Instructions for the task: Two lines in the data below mark the range: the one with "Accumulair Emerald MERV 6 Filters - 4 Inch" and the one with "Chapel Ana Villa, The". Return both, along with every line between them, exactly.

Provided records:
===============

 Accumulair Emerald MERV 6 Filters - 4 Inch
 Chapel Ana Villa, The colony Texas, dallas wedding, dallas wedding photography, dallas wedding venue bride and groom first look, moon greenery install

===============

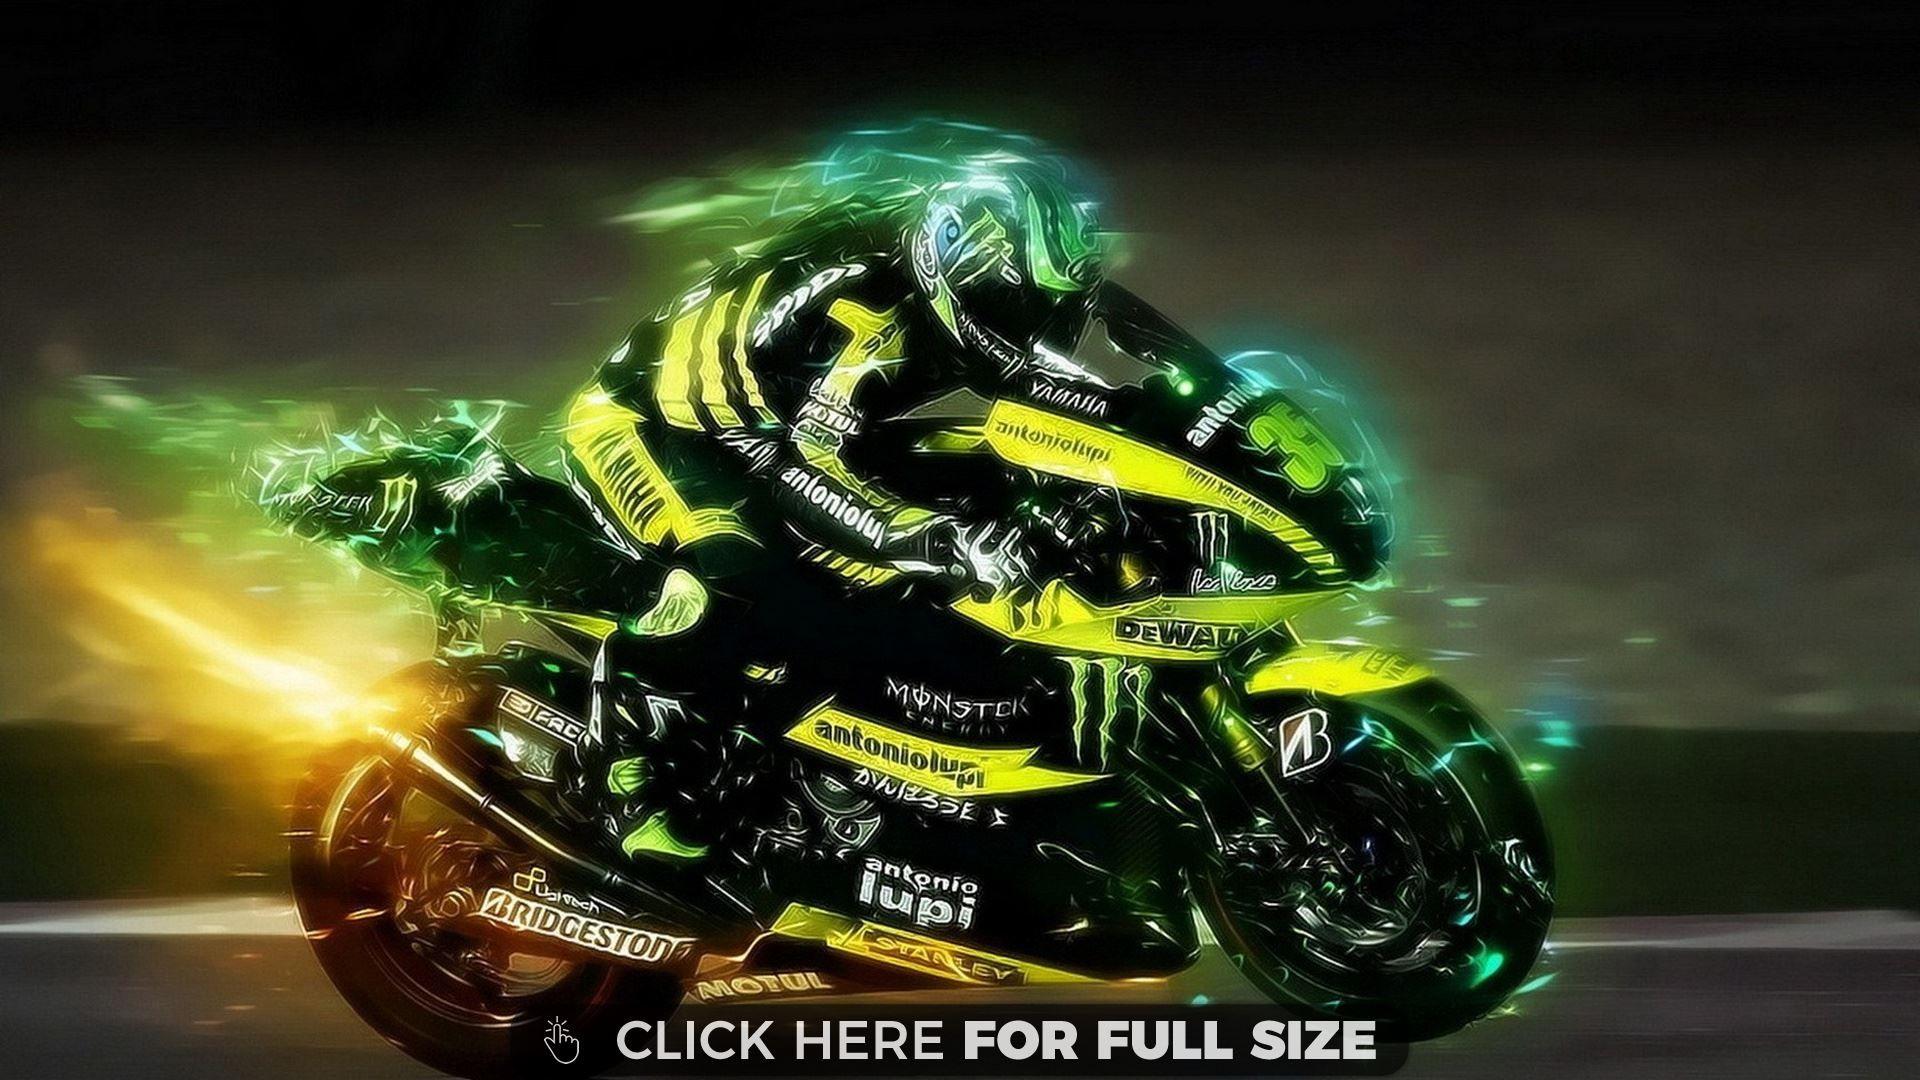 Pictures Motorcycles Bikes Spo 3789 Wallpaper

===============

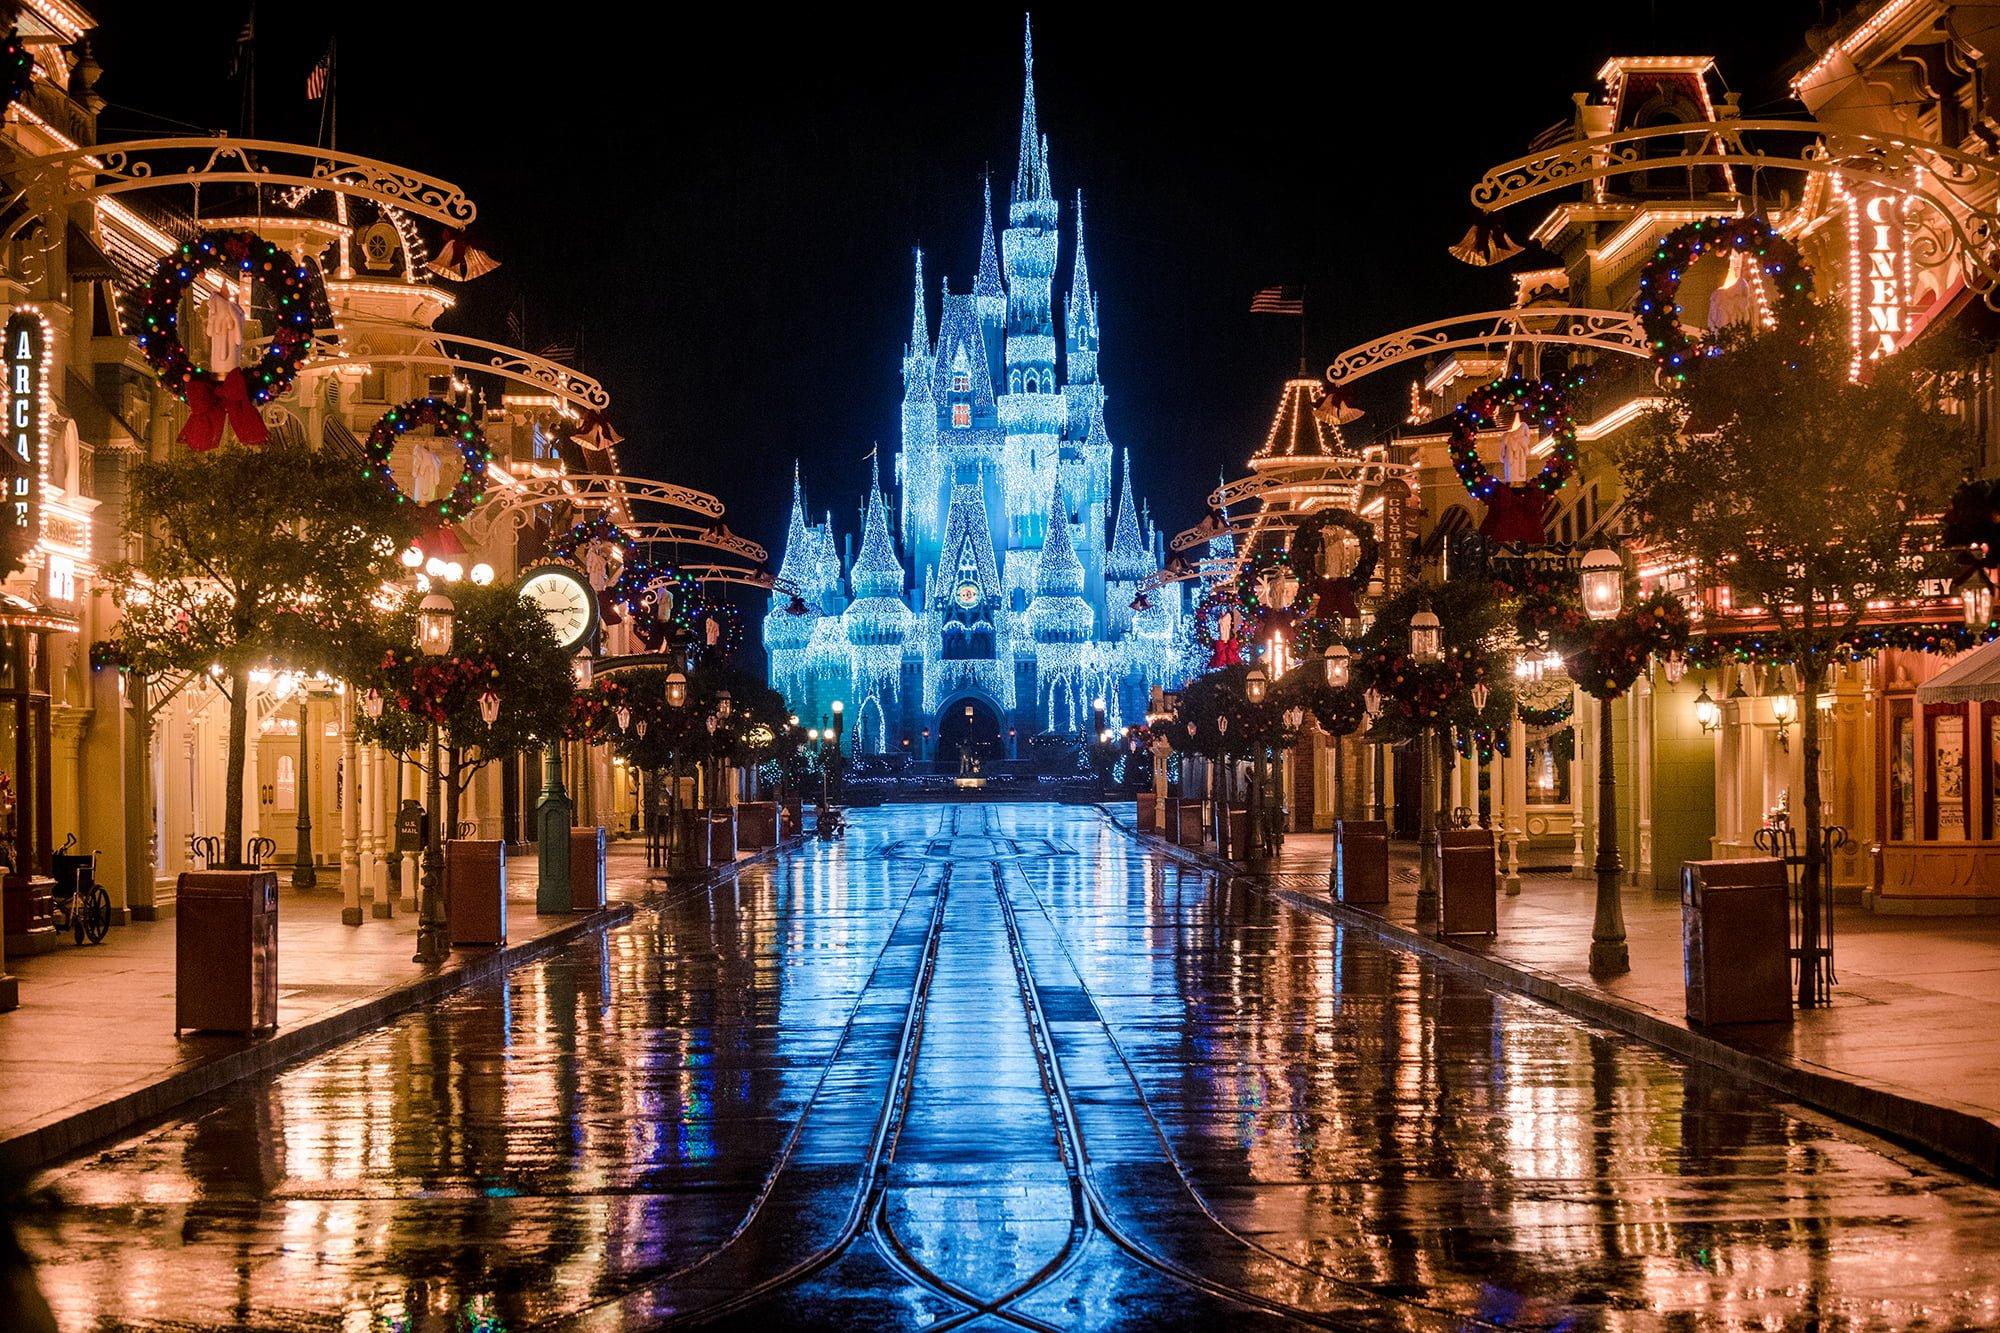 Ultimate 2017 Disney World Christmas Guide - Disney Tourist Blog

===============

Exercise answer:
 Accumulair Emerald MERV 6 Filters - 4 Inch
 Chapel Ana Villa, The colony Texas, dallas wedding, dallas wedding photography, dallas wedding venue bride and groom first look, moon greenery install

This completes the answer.